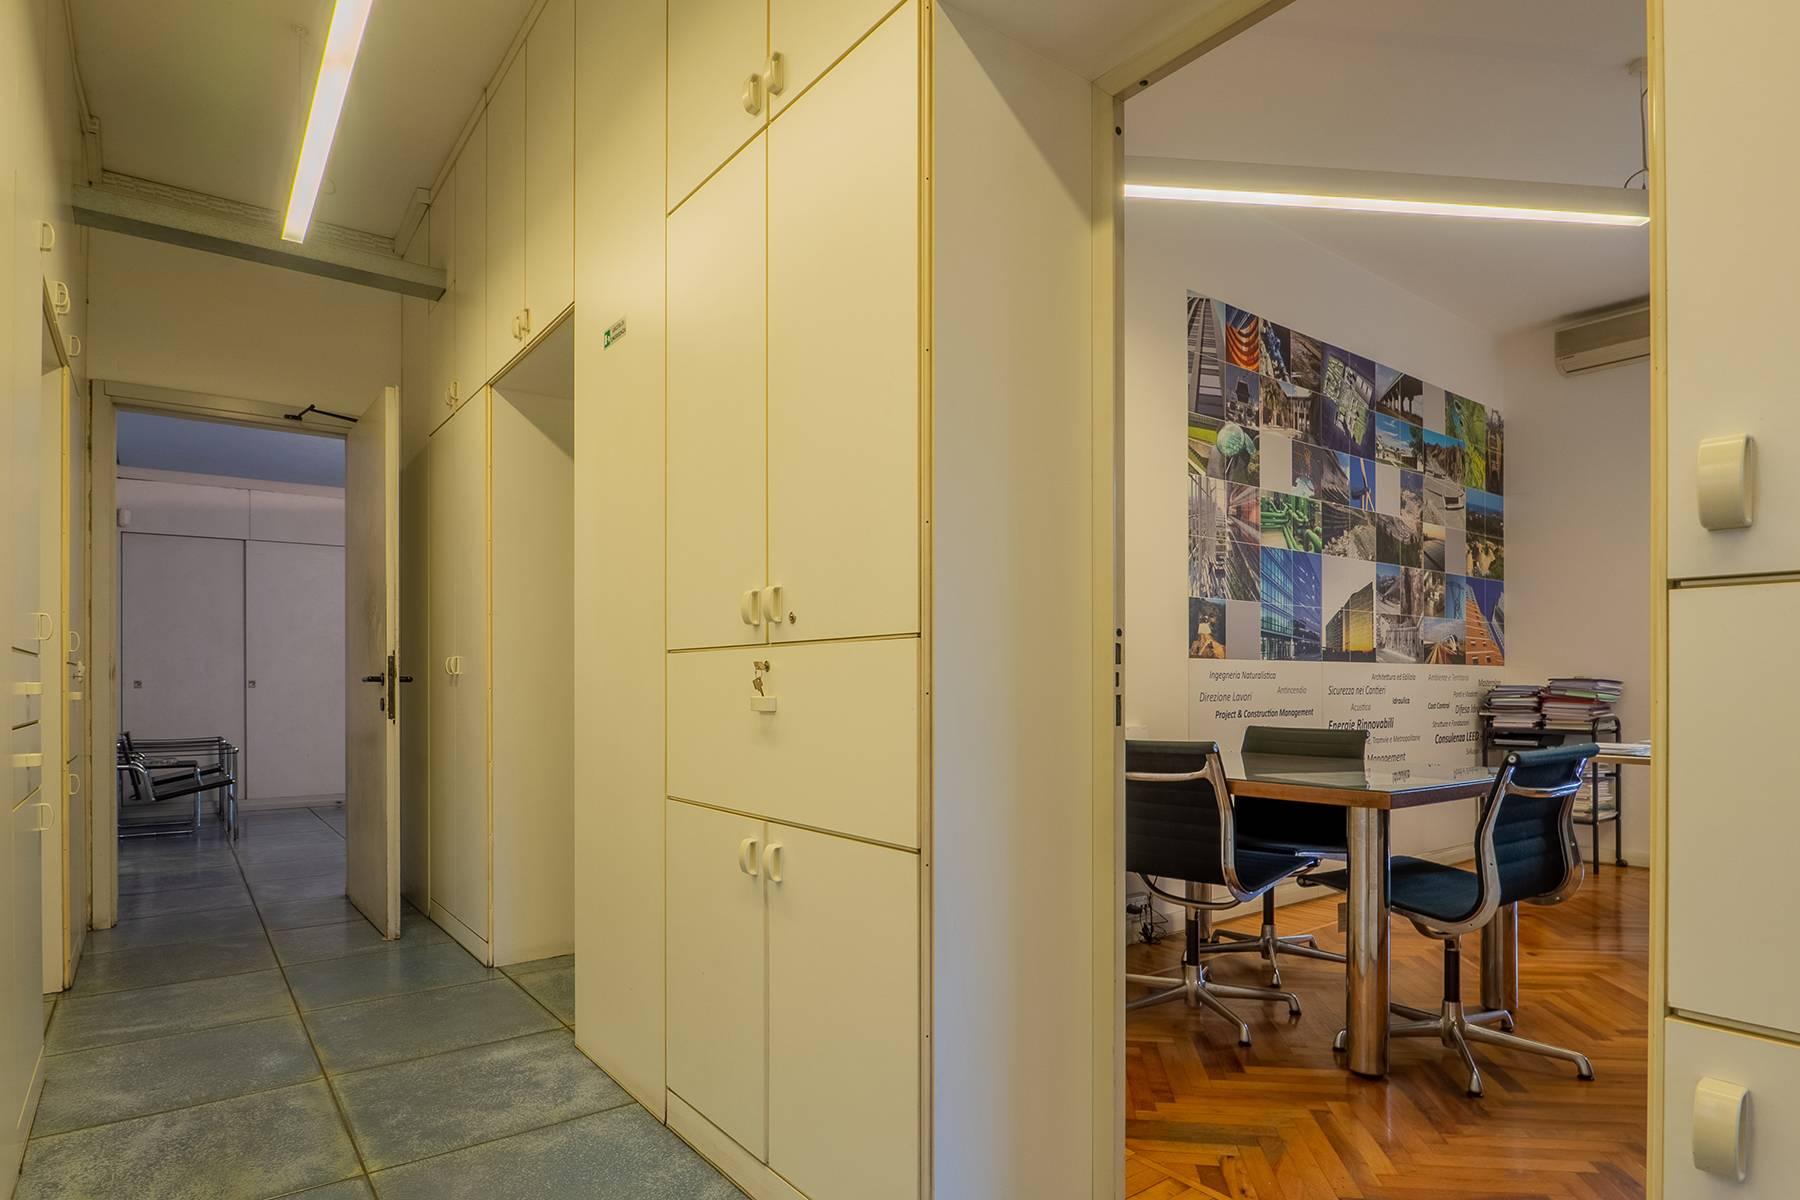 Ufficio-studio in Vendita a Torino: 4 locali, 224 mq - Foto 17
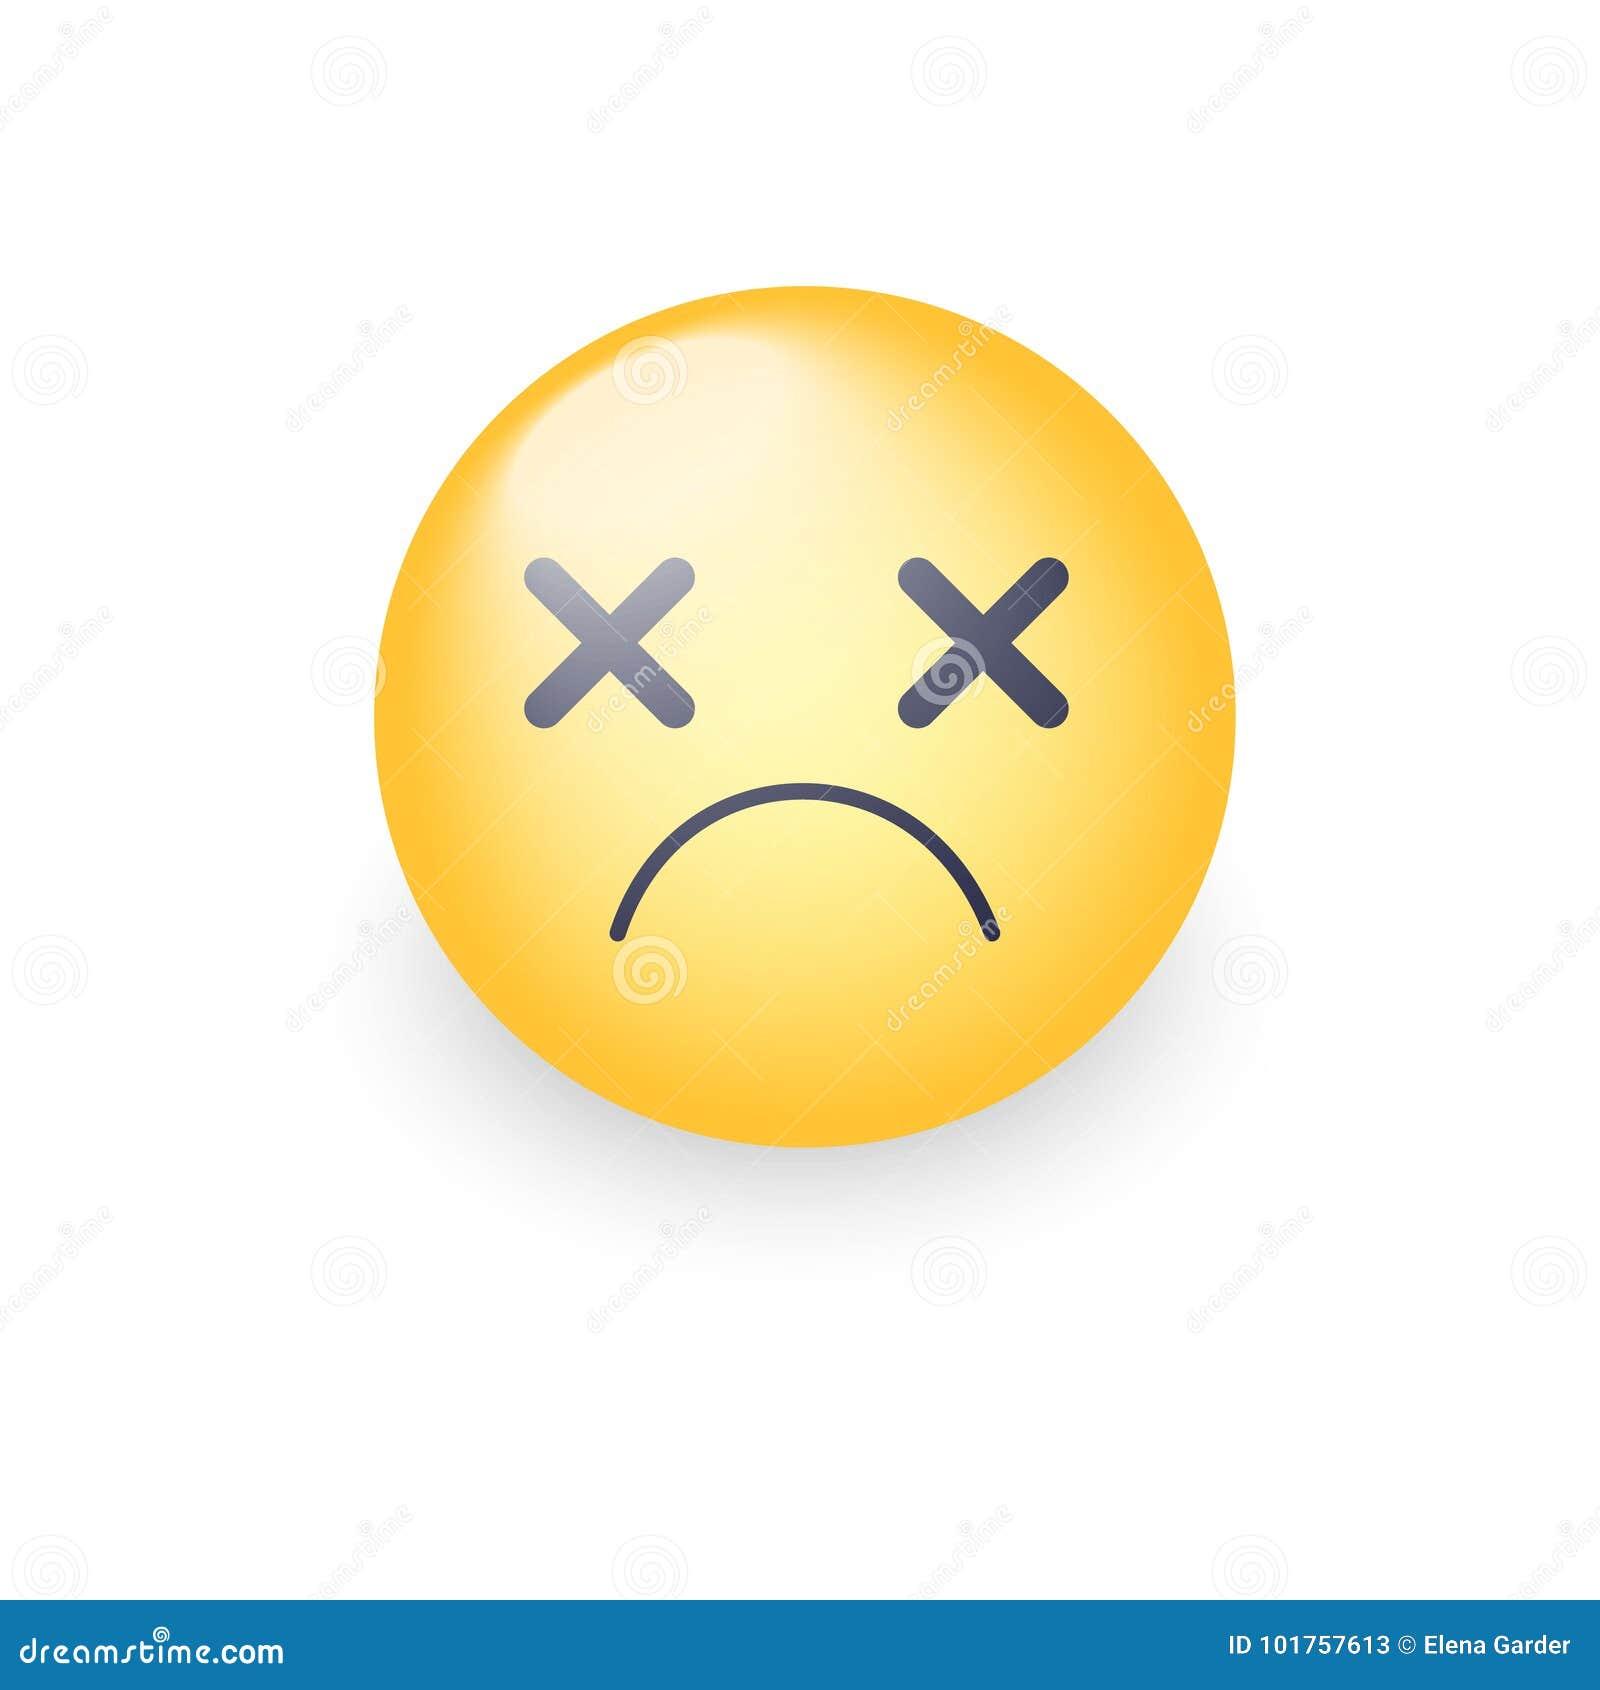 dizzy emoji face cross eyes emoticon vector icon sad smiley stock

- - - -

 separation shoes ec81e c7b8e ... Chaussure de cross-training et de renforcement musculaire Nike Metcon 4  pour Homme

- - - -

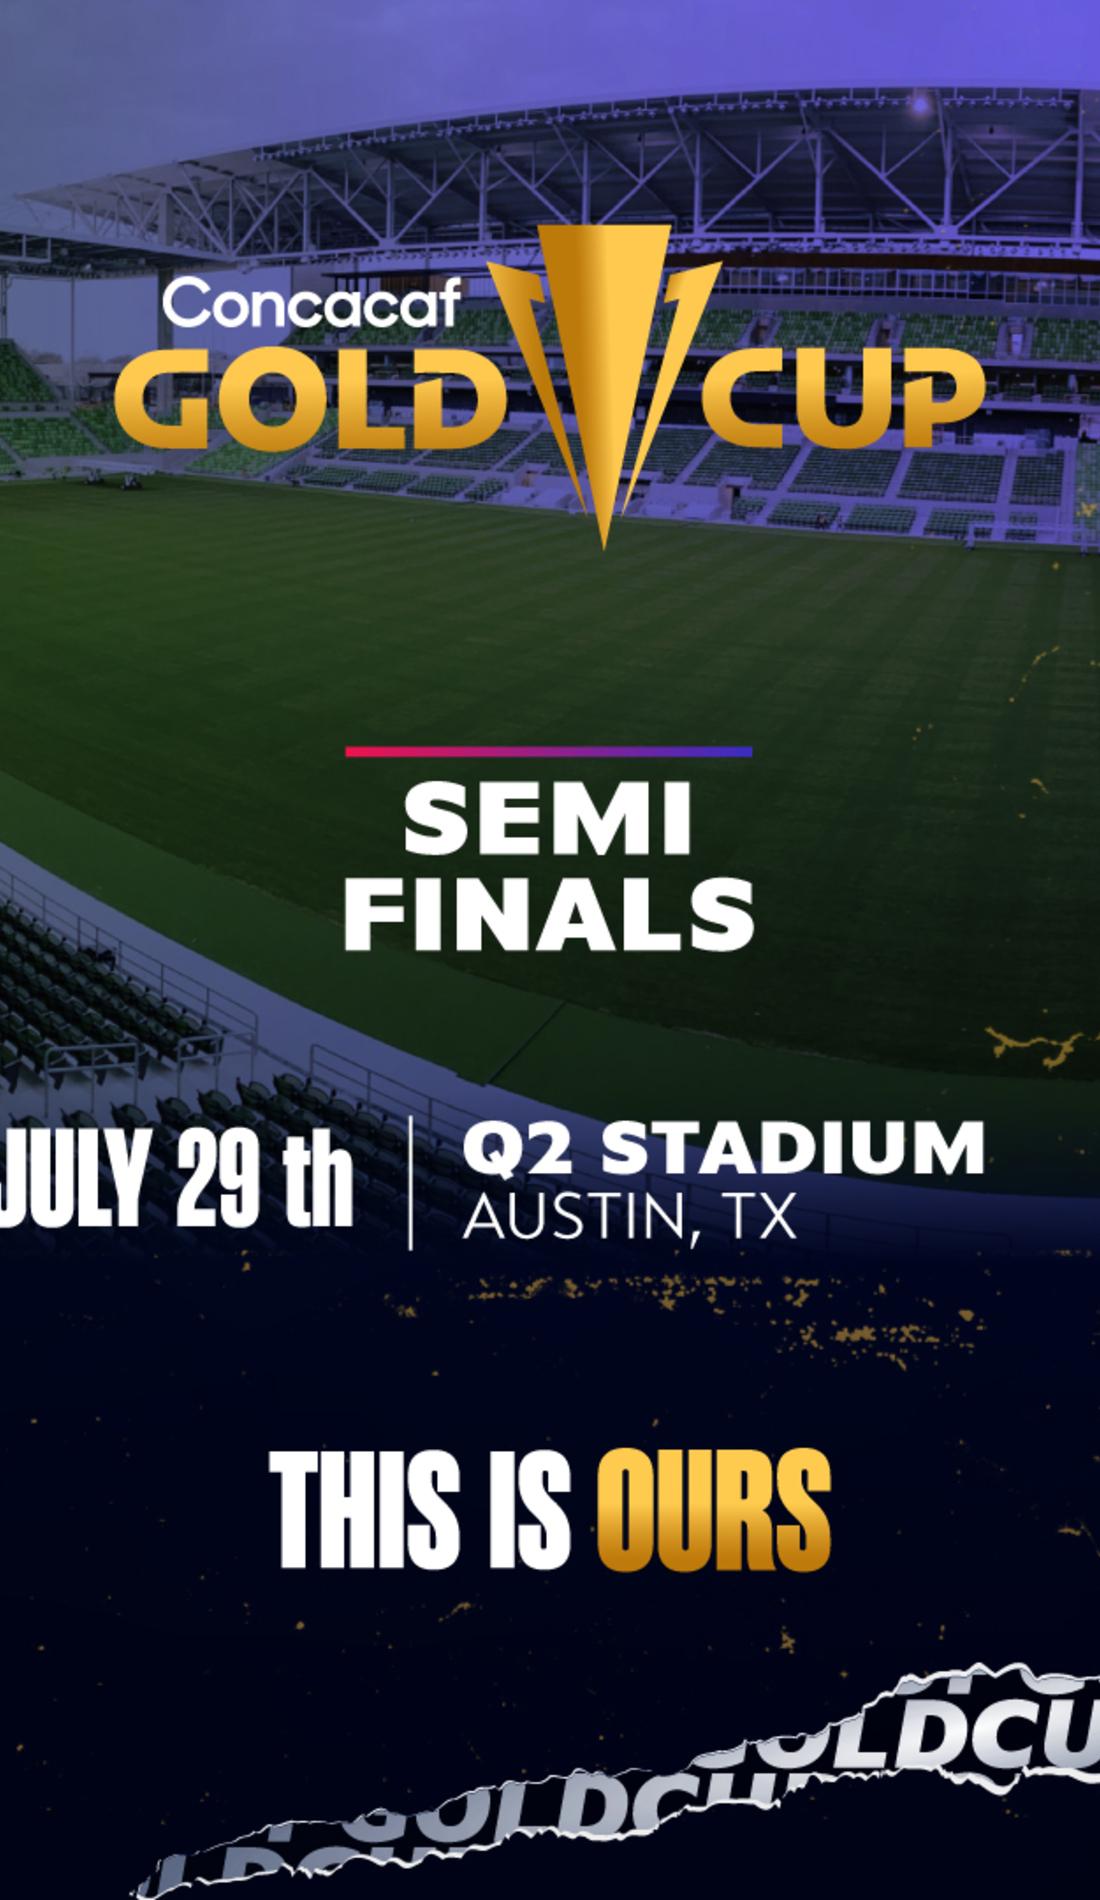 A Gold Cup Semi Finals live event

- - - -

- **What this task involves**: Every line from the one with "Ufficio-studio in Vendita" through the one with "dizzy emoji face" is to be reproduced exactly as written above, and the pictures are to be dropped.

- **Solution to this exercise**:
 Ufficio-studio in Vendita a Torino: 4 locali, 224 mq - Foto 17
 dizzy emoji face cross eyes emoticon vector icon sad smiley stock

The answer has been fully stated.